To write Python programs that connect to your MongoDB database (don't worry - you'll set that up in a moment!) you'll need to install a Python driver - a library which knows how to talk to MongoDB. In Python, you have two choices! The recommended driver is PyMongo - that's what I'll cover in this quick start. If you want to write asyncio programs with MongoDB, however, you'll need to use a library called Motor, which is also fully supported by MongoDB.

To install PyMongo, run the following command:

python -m pip install pymongo[srv]==3.10.1

For this tutorial we'll also make use of a library called python-dotenv to load configuration, so run the command below as well to install that:

python -m pip install python-dotenv==0.13.0

Code to get started

Now it's time to actually write some Python code to connect to your MongoDB database!
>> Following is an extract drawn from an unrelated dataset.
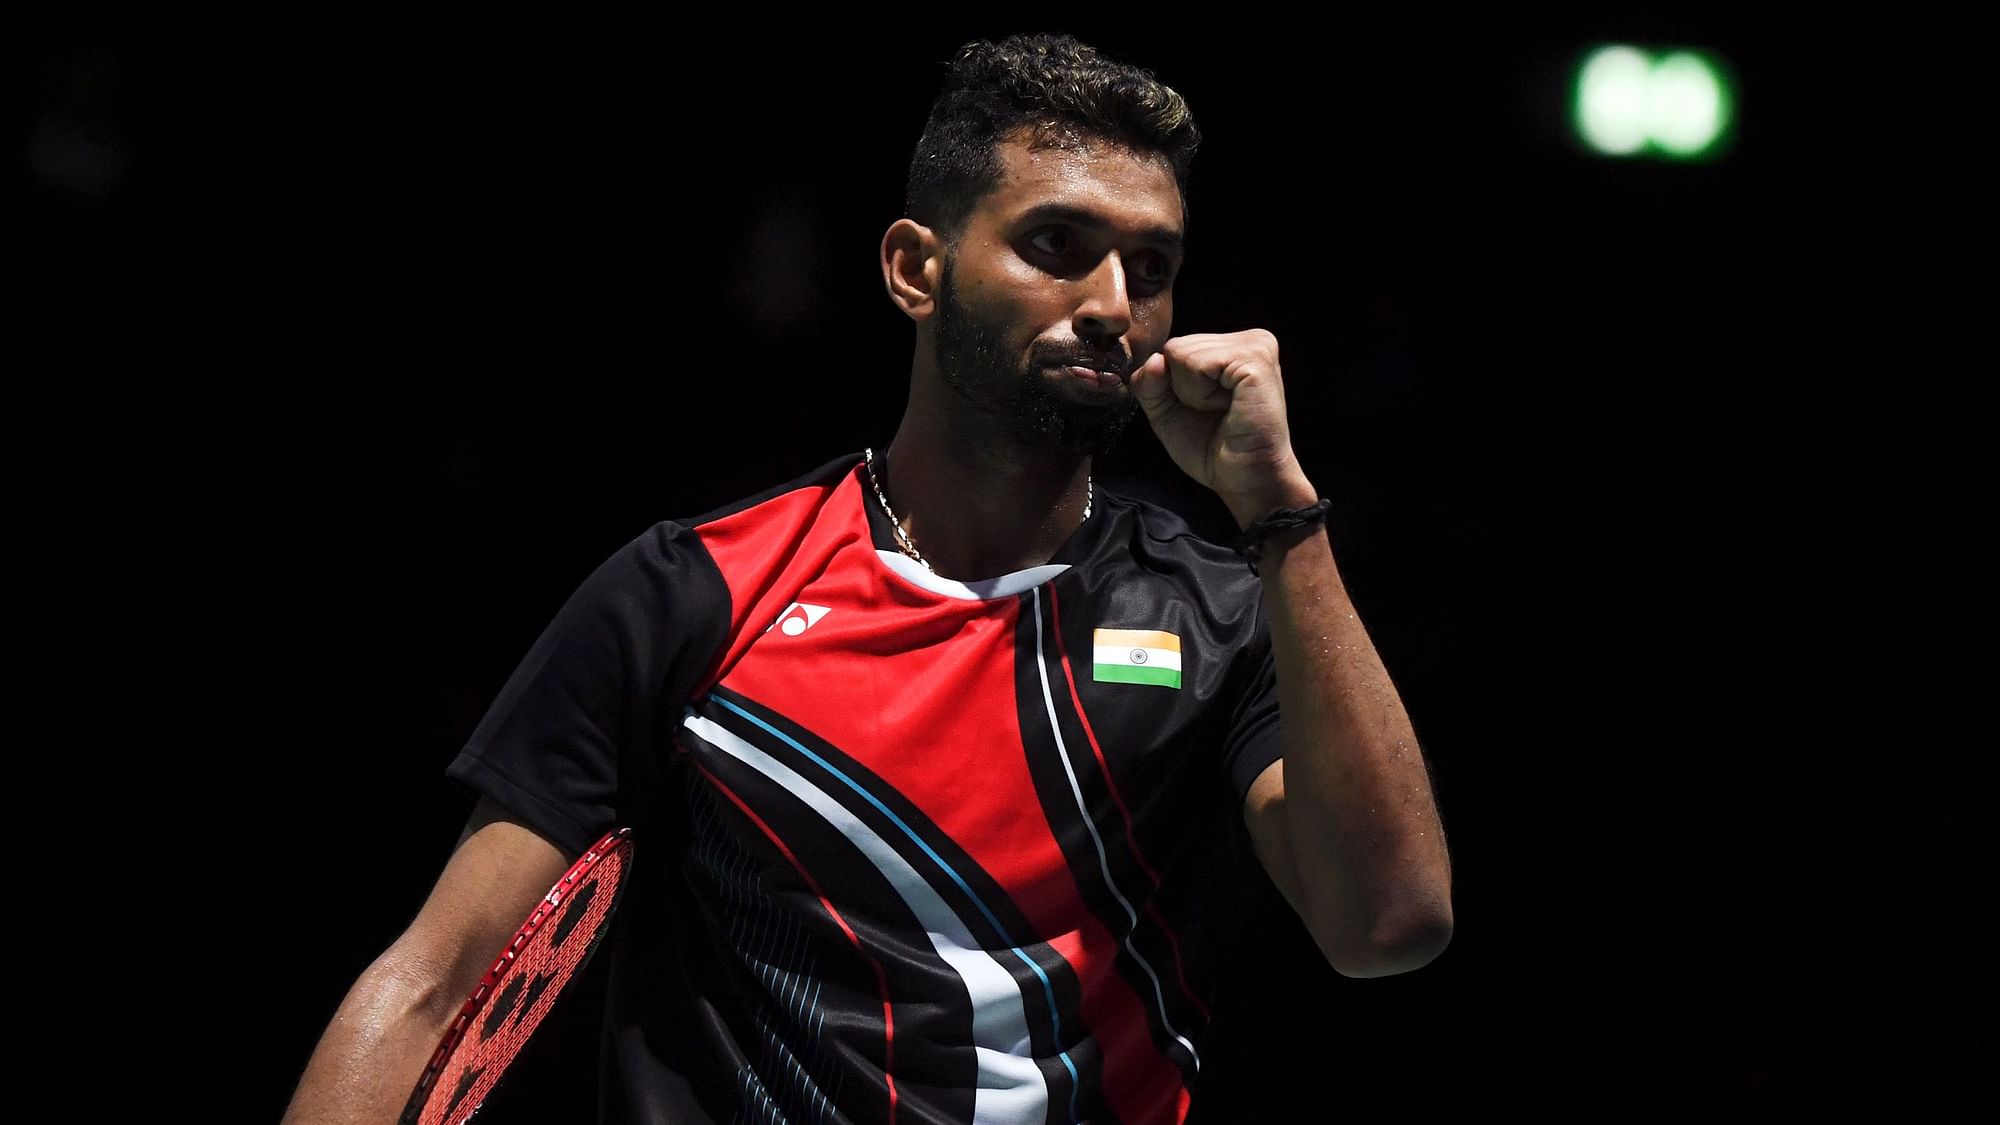 HS Prannoy hit out at the badminton federation for not nominating his name for the Arjuna Award, two years in a row.

In your code editor, create a Python file in your project directory called basic_operations.py. Enter in the following code:

import datetime   # This will be needed later
import os

from dotenv import load_dotenv
from pymongo import MongoClient

# Load config from a .env file:
load_dotenv()
MONGODB_URI = os.environ['MONGODB_URI']

# Connect to your MongoDB cluster:
client = MongoClient(MONGODB_URI)

# List all the databases in the cluster:
for db_info in client.list_database_names():
   print(db_info)

In order to run this, you'll need to set the MONGODB_URI environment variable to the connection string you obtained above. You can do this two ways. You can:

Run an export (or set on Windows) command to set the environment variable each time you set up your session.
Save the URI in a configuration file which should never be added to revision control.
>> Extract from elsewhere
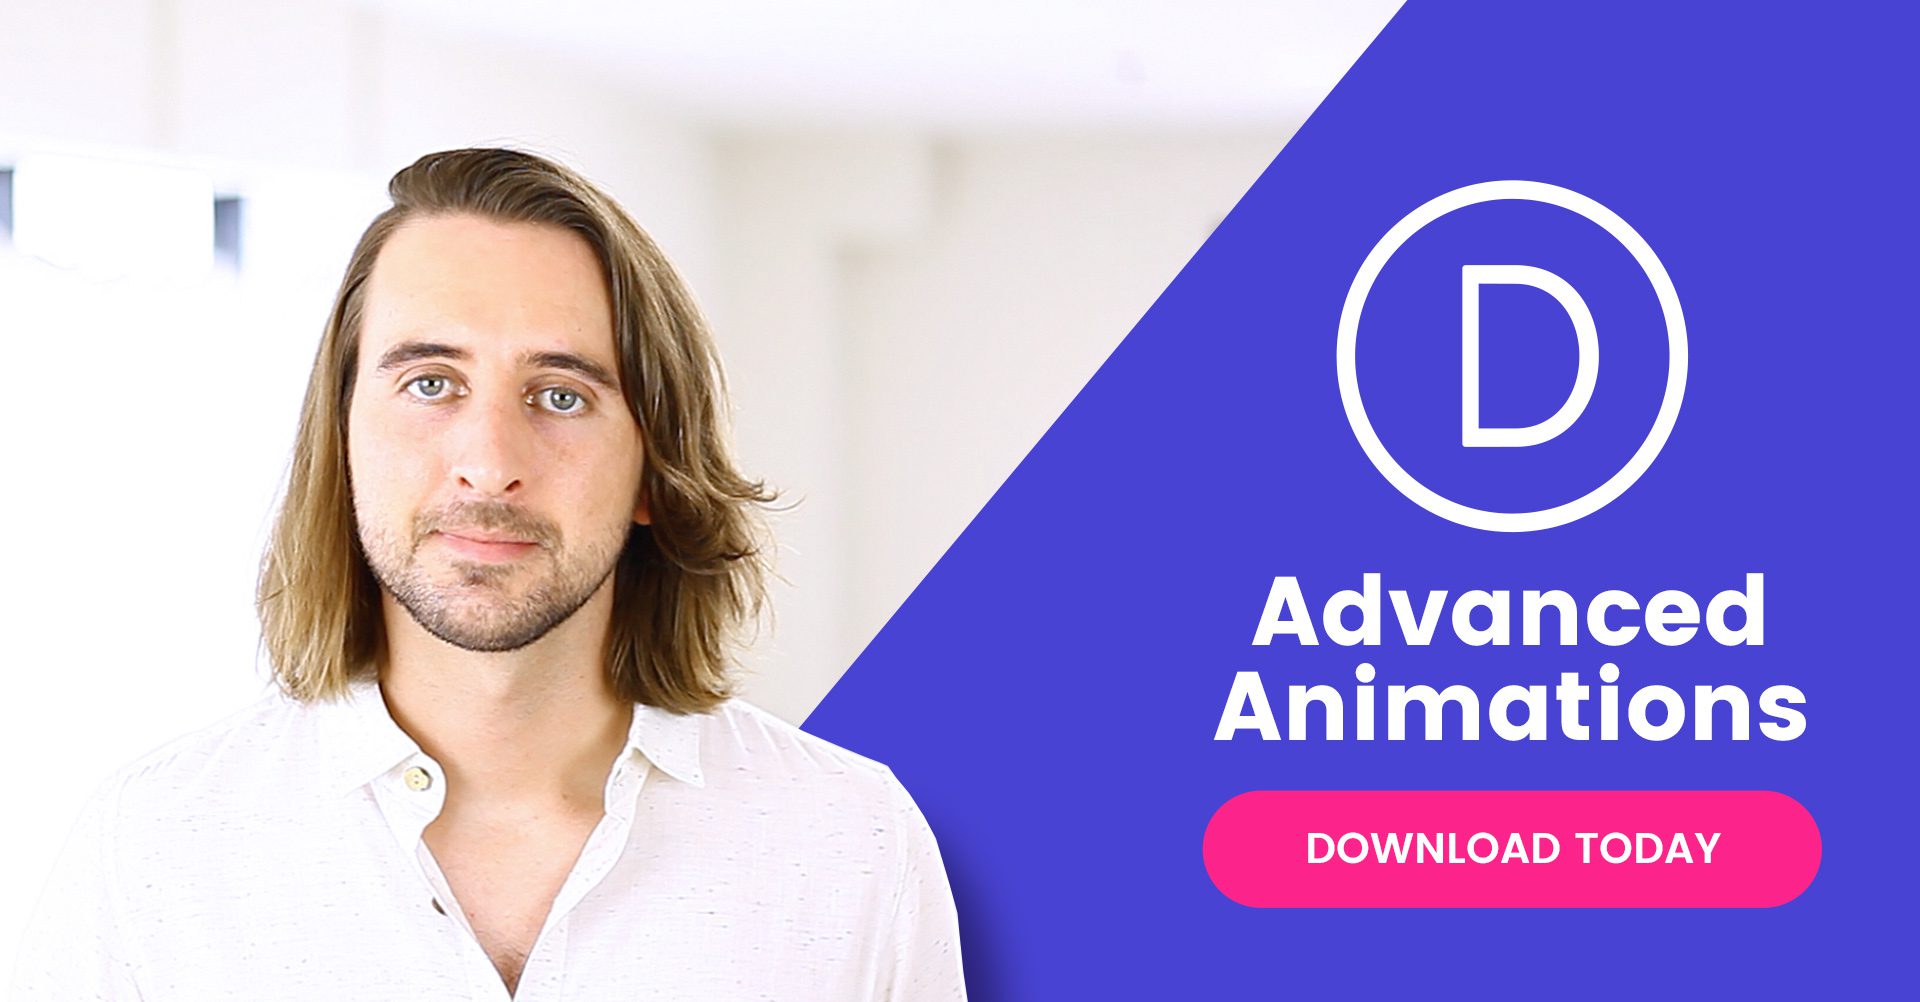 Divi Feature Update! Introducing Advanced Animations Options For All Divi Modules, Rows and Sections

I'm going to show you how to take the second approach. Remember it's very important not to accidentally publish your credentials to git or anywhere else, so add .env to your .gitignore file if you're using git. The python-dotenv library loads configuration from a file in the current directory called .env. Create a .env file in the same directory as your code and paste in the configuration below, replacing the placeholder URI with your own MongoDB URI.

# Unix:
export MONGODB_URI='mongodb+srv://yourusername:yourpasswordgoeshere@pythonquickstart-123ab.mongodb.net/test?retryWrites=true&w=majority'

The URI contains your username and password (so keep it safe!) and the hostname of a DNS server which will provide information to PyMongo about your cluster. Once PyMongo has retrieved the details of your cluster, it will connect to the primary MongoDB server and start making queries.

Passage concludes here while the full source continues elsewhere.